I expect I will either have to fight to overrule the councils findings, or allow myself to be railroaded and instead sell, or seek an alternative way to get the income needed.

Regards
Kris

http://www.legislation.gov.uk/uksi/2018/221/made

Description of HMOs prescribed by the Secretary of State
4. An HMO is of a prescribed description for the purpose of section 55(2)(a) of the Act if it—
(a)is occupied by five or more persons;
(b)is occupied by persons living in two or more separate households; and
(c)meets—
(i)the standard test under section 254(2) of the Act;
(ii)the self-contained flat test under section 254(3) of the Act but is not a purpose-built flat situated in a block comprising three or more self-contained flats; or
(iii)the converted building test under section 254(4) of the Act.

is contrary to my understanding of the very small line of rule under the Housing act 2004. 245 (c) and 259 (1)

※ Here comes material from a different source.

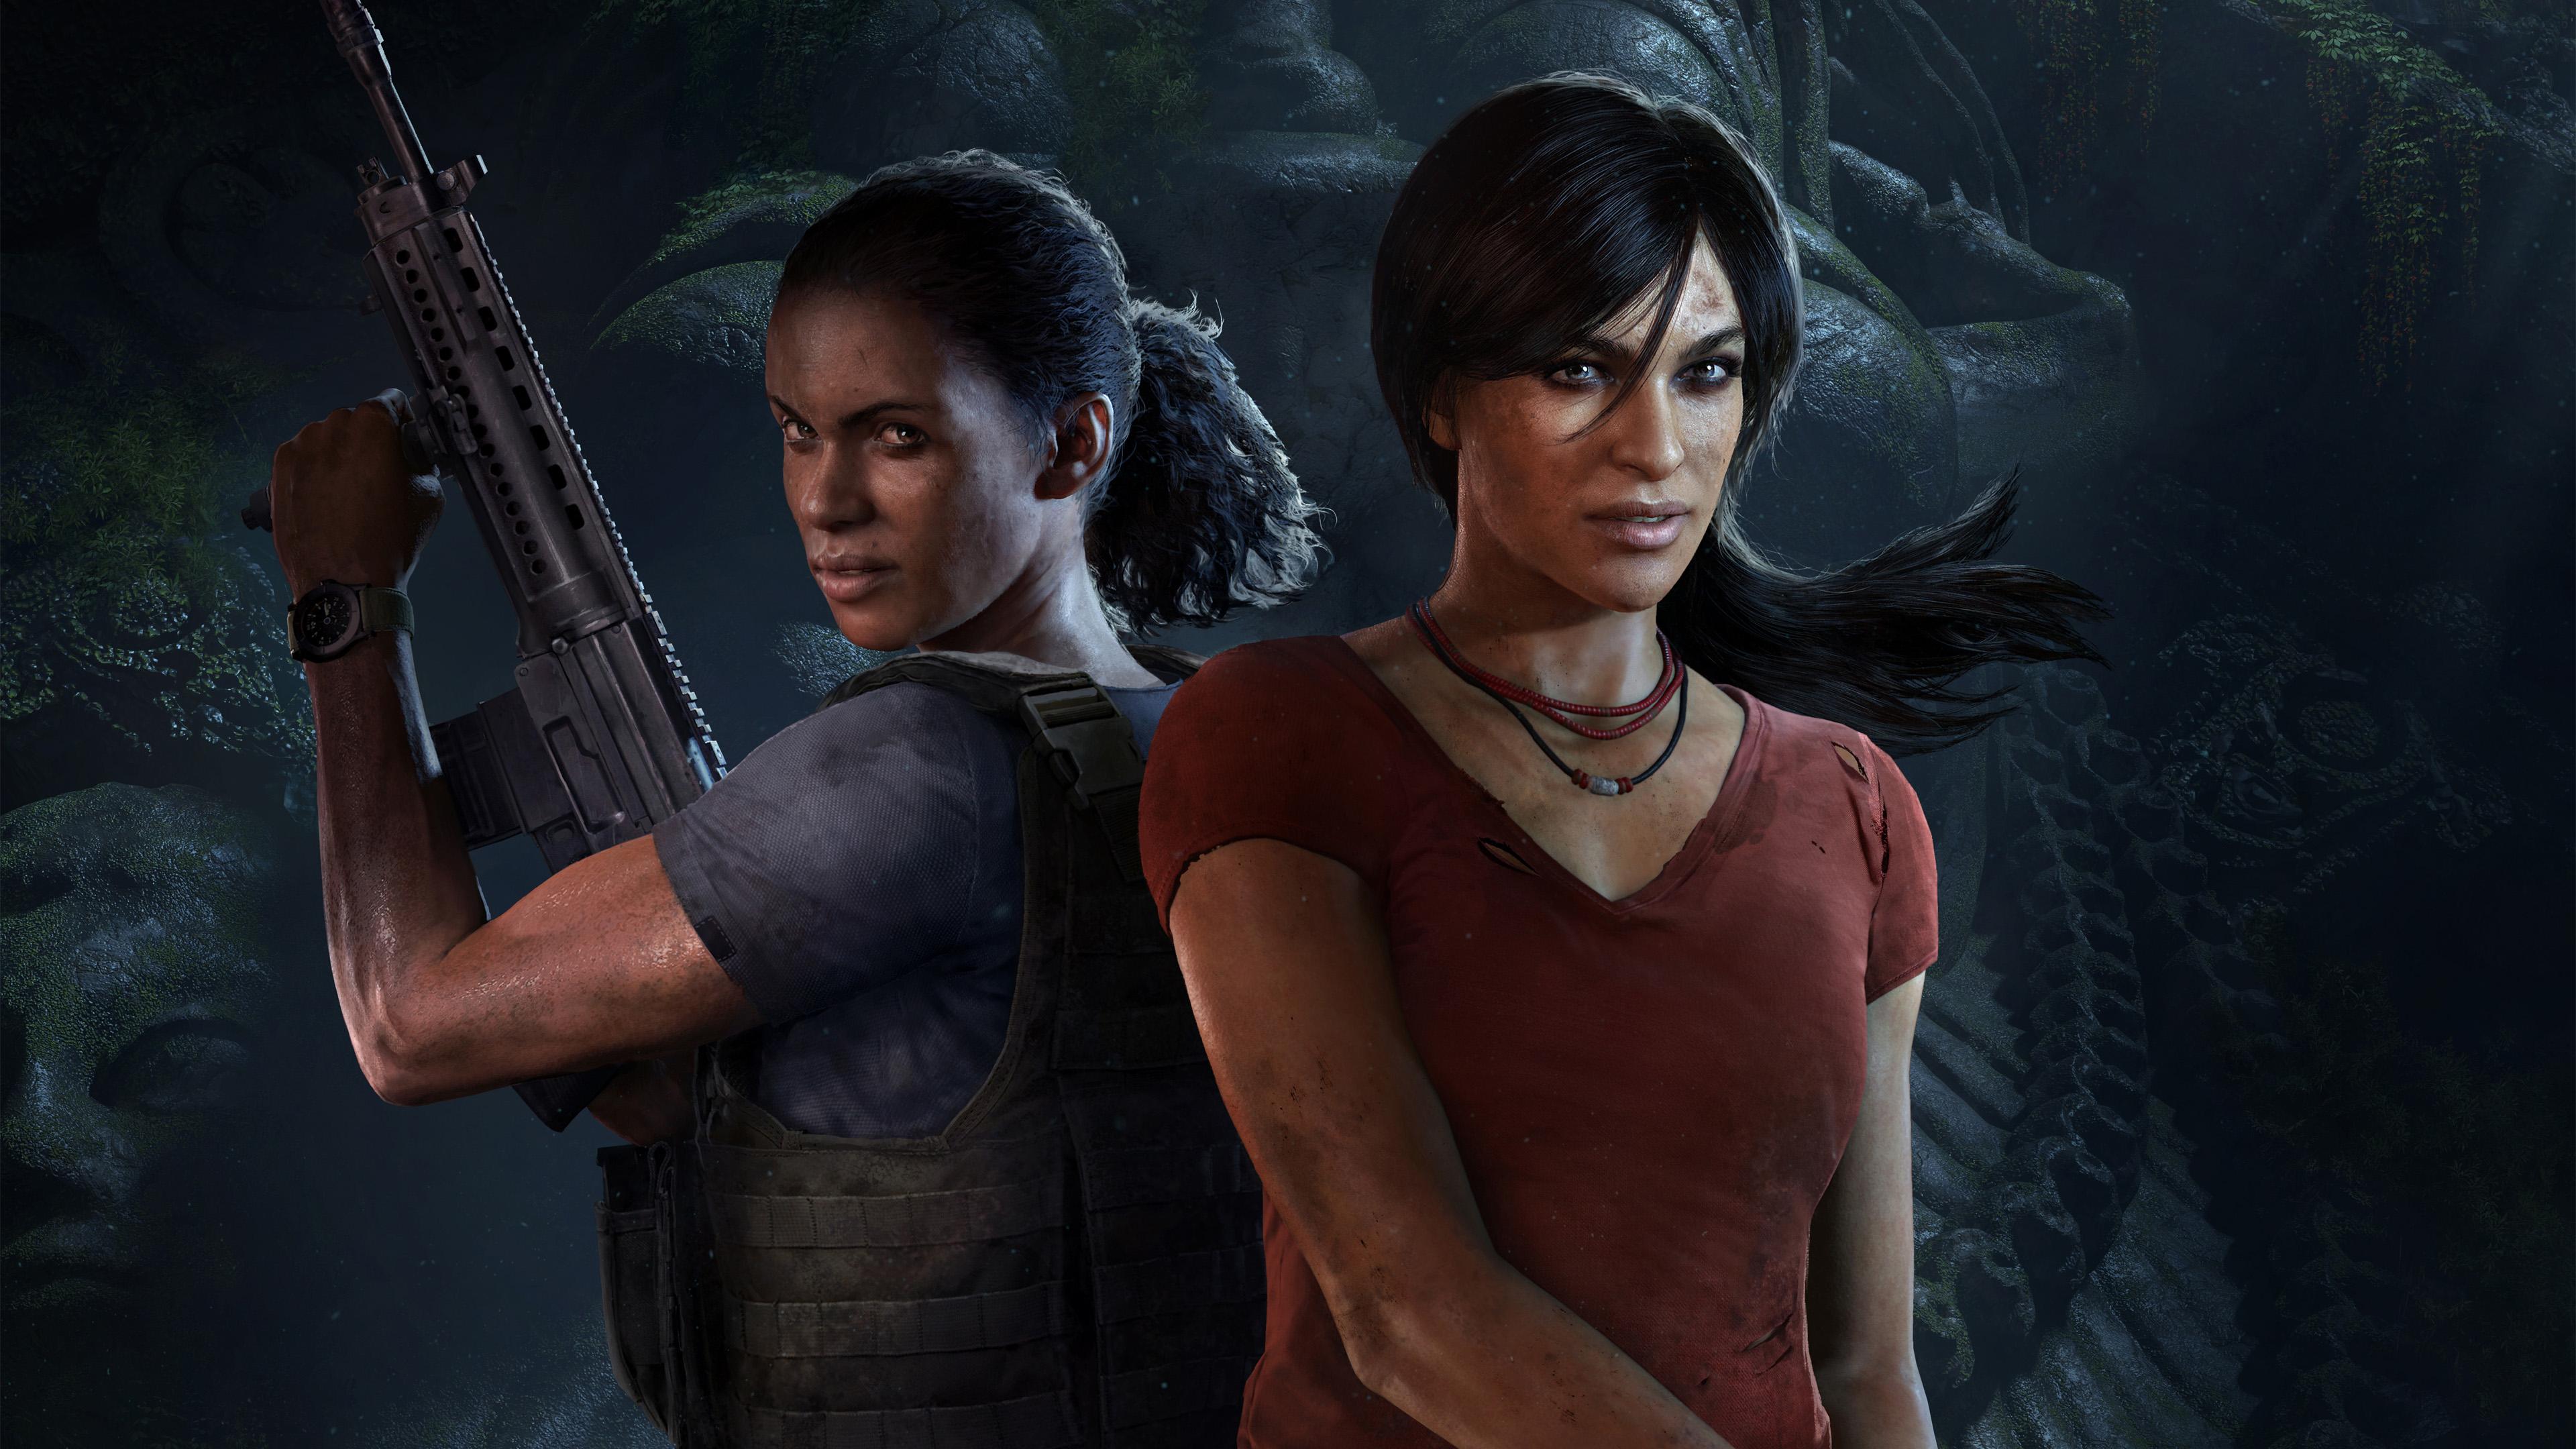 Хлоя и Надин - Uncharted: The Lost Legacy 4K, Арт

https://www.legislation.gov.uk/ukpga/2004/34/contents
254Meaning of “house in multiple occupation”
(2)A building or a part of a building meets the standard test if—
(a)it consists of one or more units of living accommodation not consisting of a self-contained flat or flats;
(b)the living accommodation is occupied by persons who do not form a single household (see section 258);
(c)the living accommodation is occupied by those persons as their only or main residence or they are to be treated as so occupying it (see section 259);
(d)their occupation of the living accommodation constitutes the only use of that accommodation;
(e)rents are payable or other consideration is to be provided in respect of at least one of those persons' occupation of the living accommodation; and
(f)two or more of the households who occupy the living accommodation share one or more basic amenities or the living accommodation is lacking in one or more basic amenities.

259HMOs: persons treated as occupying premises as only or main residence
(1)This section sets out when persons are to be treated for the purposes of section 254 as occupying a building or part of a building as their only or main residence.
(2)A person is to be treated as so occupying a building or part of a building if it is occupied by the person—
(a)as the person’s residence for the purpose of undertaking a full-time course of further or higher education;
(b)as a refuge, or
(c)in any other circumstances which are circumstances of a description specified for the purposes of this section in regulations made by the appropriate national authority.
(3)In subsection (2)(b) “refuge” means a building or part of a building managed by a voluntary organisation and used wholly or mainly for the temporary accommodation of persons who have left their homes as a result of—
(a)physical violence or mental abuse, or
(b)threats of such violence or abuse,
from persons to whom they are or were married or with whom they are or were co-habiting.